LIQUIDITY AND CAPITAL RESOURCES
Financial Condition
Cash and cash equivalents totaled $71.9 million and $19.5 million at December 31, 2011 and 2010,
respectively. The increase in cash balance was due to an increase in net sales as well as timelier cash
collection from our customers. In line with our investment policy, all cash equivalents were invested in high-
grade money market funds at December 31, 2011.
As of December 31, 2011, we held $2.7 million, stated at fair value, in long-term investments in ARS. Due to
the illiquidity of these investments, we have not included and do not intend, for the foreseeable future, to
include them as potential sources of liquidity in our future cash flow projections. Thus, we do not anticipate
that future declines in value, if any, will have an adverse impact on our future ability to support operations
and meet our obligations as they come due.

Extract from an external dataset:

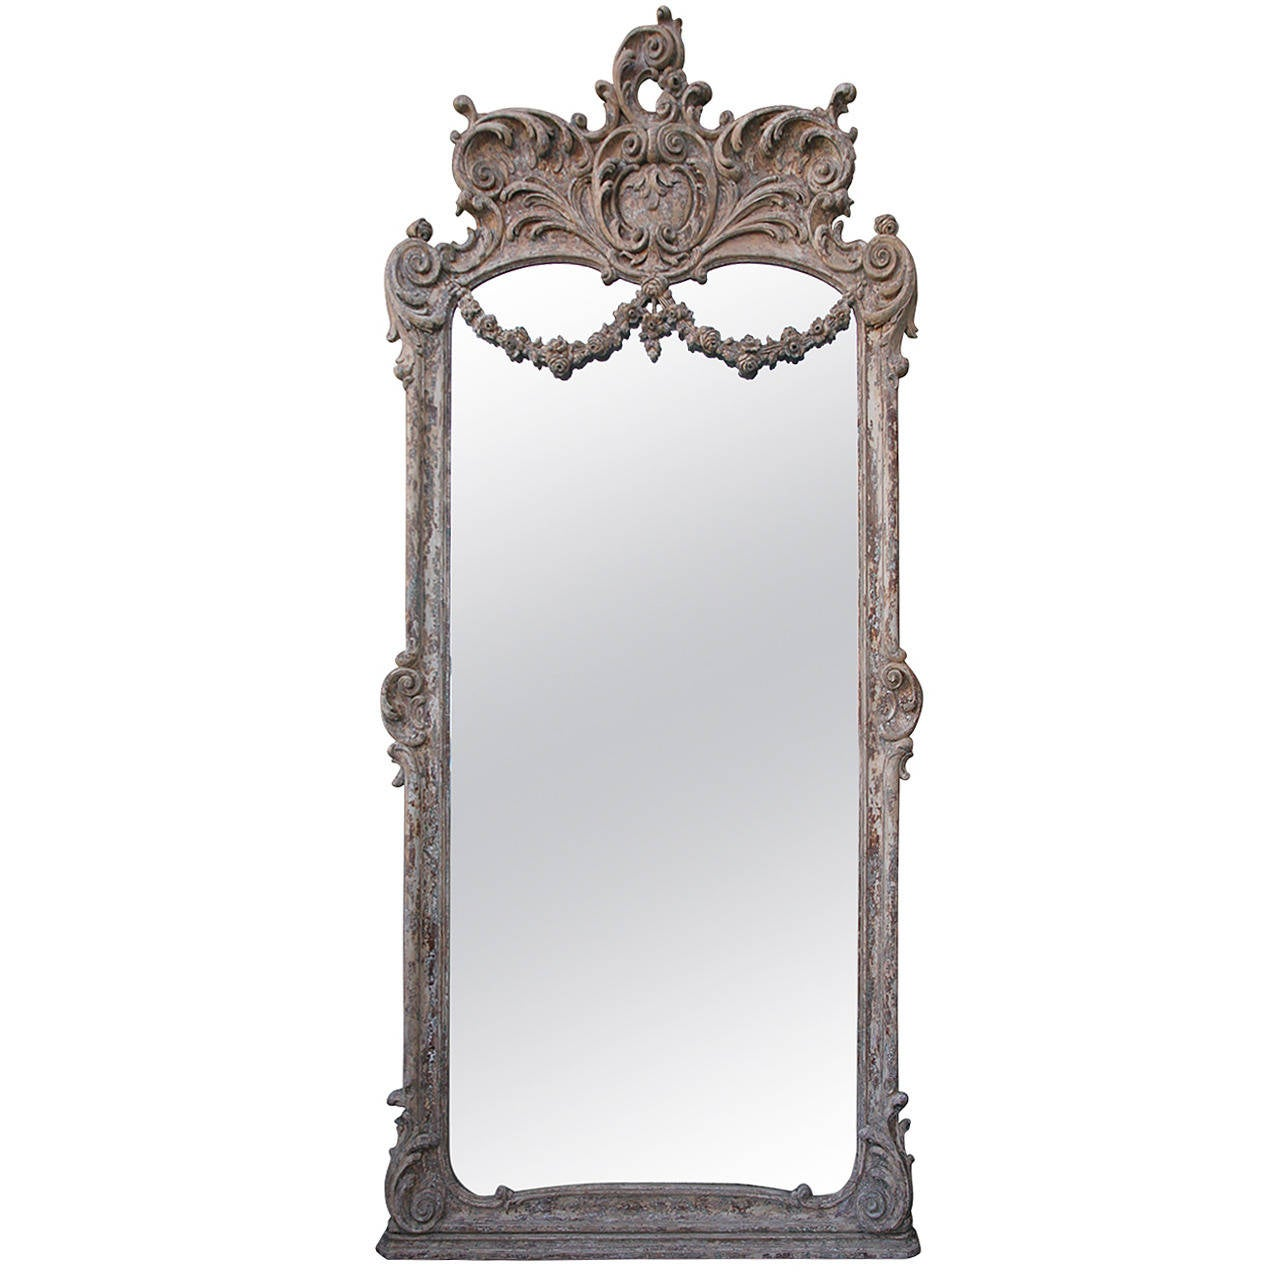 Monumental Louis XVI Style Painted Mirror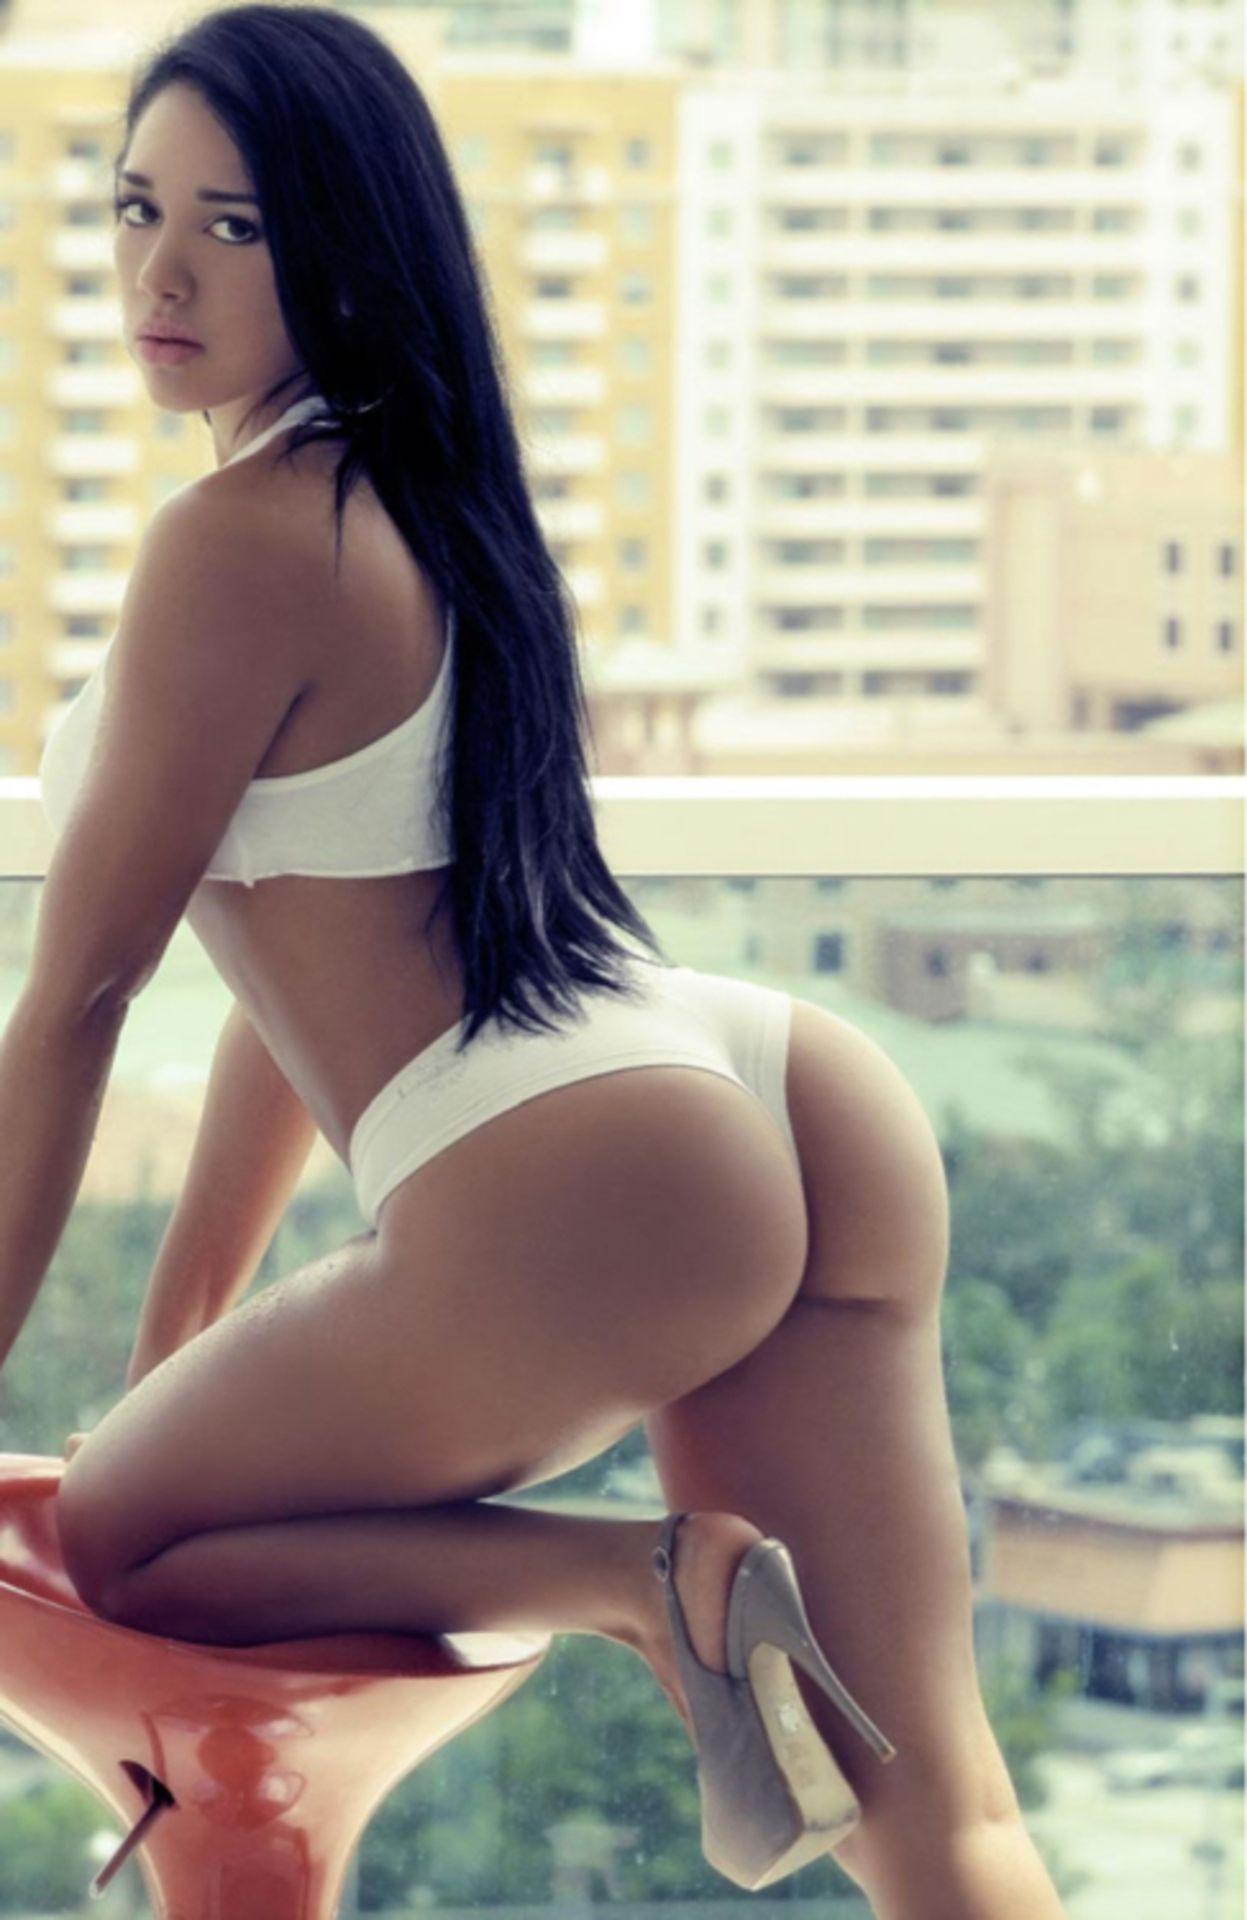 Ass Andrea Calle nude (57 photos), Tits, Sideboobs, Boobs, lingerie 2018

We have an asset-backed revolving credit facility (the ‘‘revolving credit facility’’), which is discussed in more
detail below, with a potential borrowing availability of $75.0 million. There were no borrowings outstanding
on this line of credit at December 31, 2011.
We do not expect our accumulated deficit of $162.5 million at December 31, 2011 to be indicative of our
future ability to generate cash flow, given our anticipated cash flows from operations and the availability of
our revolving credit facility.
Future capital expenditures are primarily planned for new product development and purchases related to the
upgrading of our information technology capabilities. We expect that capital expenditures in 2012, including
those for capitalized content and website development costs, will be funded with cash flows generated by
operations. Capital expenditures were $19.9 million for 2011, $22.5 million for 2010 including a $5.4 million
purchase of intangible assets, and $14.6 million for 2009, which included a $0.2 million purchase of
intangible assets.
We believe that cash on hand, cash flow from operations and amounts available under our revolving credit
facility will provide adequate funds for our foreseeable working capital needs and planned capital expenditures
over the next twelve months. Our ability to fund our working capital needs and planned capital expenditures,
as well as our ability to comply with all of the financial covenants of our revolving credit facility, depend on
our future operating performance and cash flows, which in turn are subject to prevailing economic conditions.